ERBIL, Iraq – The battle to push the so-called Islamic State out of Raqqa is well underway in northern Syria, and the question of who will take on the daunting task of restoring order and public services after years of militant rule is becoming urgent.

The U.S.-backed Syrian Democratic Forces (SDF), an alliance of Arab and Kurdish fighters spearheading the campaign against ISIS in Raqqa, have already installed a local governance plan for the embattled city in northern Syria. However, it remains unclear who would fund a Raqqa administration, or who would provide basic services and salaries.

While its military commitment to the anti-ISIS campaign is unquestionable, President Donald Trump’s administration has not expressed any intent to support local forces in Raqqa after the militant group is expelled.
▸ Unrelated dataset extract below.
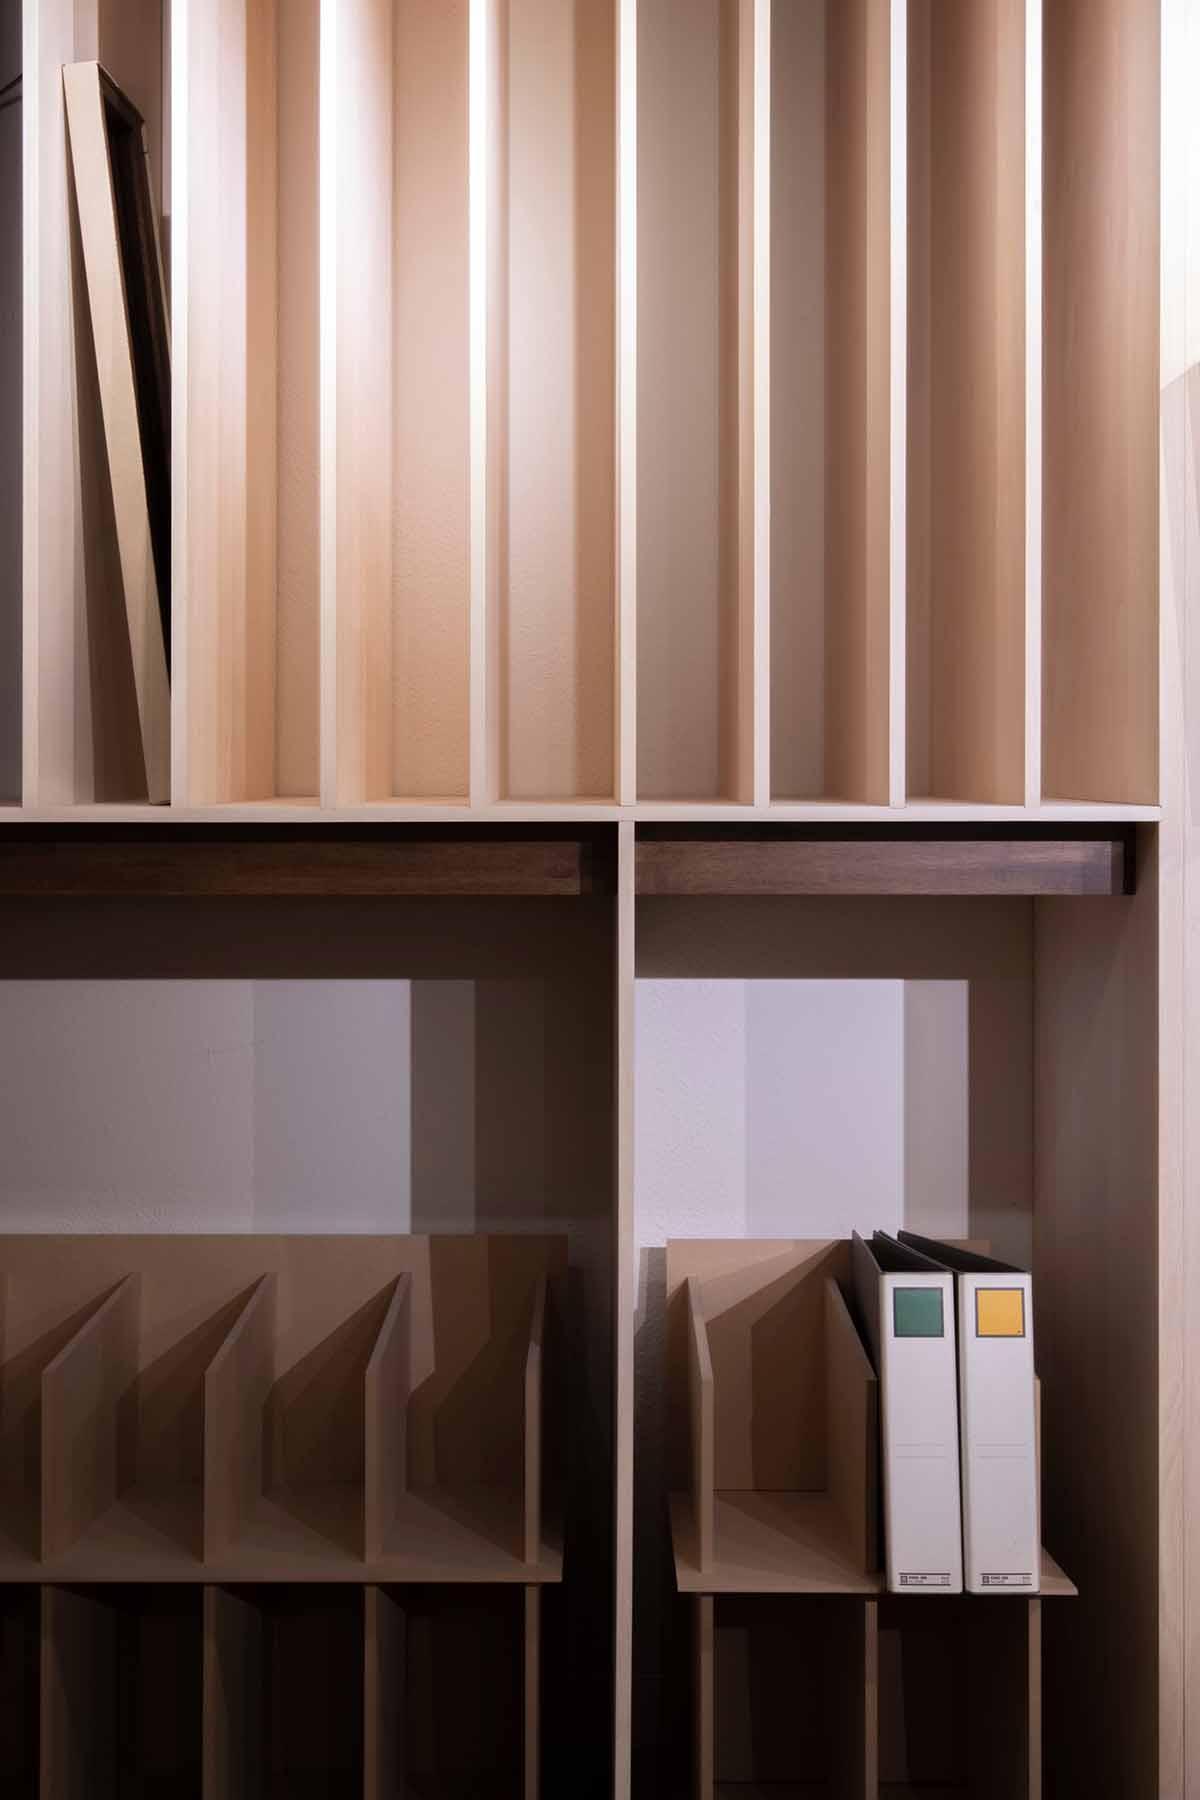 商品展示収納のためのディスプレイ | マルゲリータ 東京ショールーム (No.04) | マルゲリータ使用例

Some analysts said that lack of planning and designated resources will push Raqqa back into the lap of the Syrian government.

“Whoever ends up in charge of Raqqa after liberation may well be forced to rely on Damascus to run basic services and governance – regardless of Washington’s strategy,” defense analyst Tobias Schneider told Syria Deeply.

‘There Is No Place for the Syrian Regime Here’

A remote oil-rich city with a pre-war population of more than 220,000 people, Raqqa has been the seat of ISIS’ self-styled caliphate since 2014. Located on the north bank of the Euphrates River, it served as an important militant hub for trade, smuggling and the movement of foreign fighters.

The SDF announced the formation of a civilian council to administer the region in April and has since elected two co-chairs, one Kurdish and one Arab, and established 14 committees. The formation of a military council is expected to follow, in line with the same governing arrangements set in place in Manbij city, which the SDF captured from ISIS last year.

The Manbij precedent, however, raises some concerns. Roughly seven months after liberating Manbij from ISIS rule, the Kurdish-led force handed over some surrounding villages to the Syrian and Russian armies, to deter attacks by Turkish troops and allied rebels. This raises the question of whether the SDF will do the same after ISIS is driven out of Raqqa.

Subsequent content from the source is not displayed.